Since none of the apartments would be available until turnover time in June, we would need to store our limited belongings somewhere in Hanover. Dr. Lafayette Noda, chairman of the Biochemistry department at Dartmouth Med, kindly offered the use of his barn on his farm in the village of Enfield, near Hanover. He had a wonderful house built in the 1700s, where he and his wife, Mayme, lived with their children. I was envious. It would be a dream to reside in a restored dwelling, dating back to colonial times. We gratefully left our first load of stuff with him.
However, we should have arrived on our final journey to his farm one day earlier than we did.

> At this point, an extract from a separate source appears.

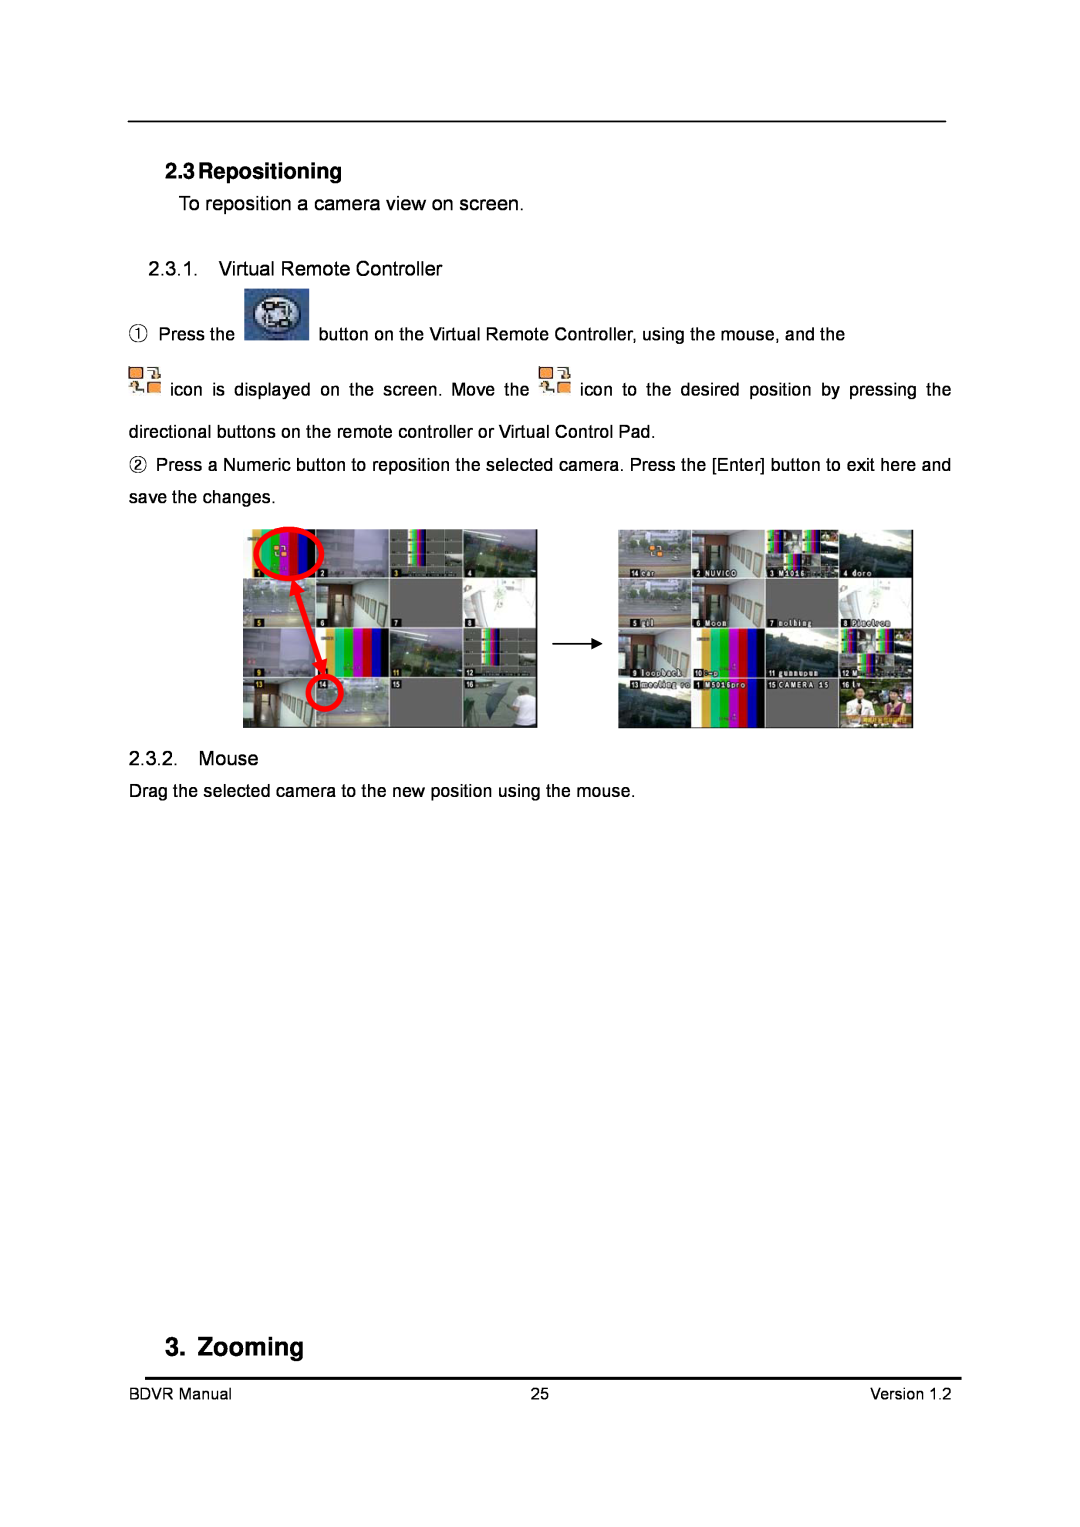 Genie BDVR-4, BDVR-8, BDVR-16 manual Zooming, 2.3Repositioning

The night before our second arrival in June, his dog had chased a skunk into the barn. The black and white critter stood his ground; his presence would last for the first month of our life in New Hampshire.
We were able to transfer our boxes to our new duplex, where their contents remained inside only at night. Every morning, we hauled much of our clothing and stuffed materials, our daughter’s toys, out to the yard. There they sat in the bright, warm sun of a summer’s day in New England. Each evening, they were carried back into the apartment, the door of which was kept open most of the time. We never did find out what our new neighbors thought about our actions. We did not ask. Ultimately, sunlight did its job and we were able to reacquire most of our clothing and Debbie’s toys. Fortunately, there is little rain in the Connecticut valley in June.
The duplex held the mandatory two families. Fortunately for our sharing family, the units were not side-by-side but joined back-to-back. Our front doors were not close; neither were the other units located at Rivercrest. We never really did get to know any of the young families living near us. Perhaps, our odorous entrance did have an effect. The man living behind us was a junior member of the ROTC faculty. He was addicted to cleanliness and order. Several times a week, especially during the winter, he would remove all of the chrome-work from his car and scour away the dirt and, in particular, the road salt that had collected there, and required his deepest attention.
Our only neighborly interaction in the complex was the result of Pokey, a small beagle we had acquired for Debbie shortly after moving to Hanover. Pokey coveted anything left in the yards of our neighbors. Karen had the daily task of returning items to their owners. We never felt completely welcomed into the Hanover community during our first year. Fortunately, it didn’t last. The following spring, we moved into town.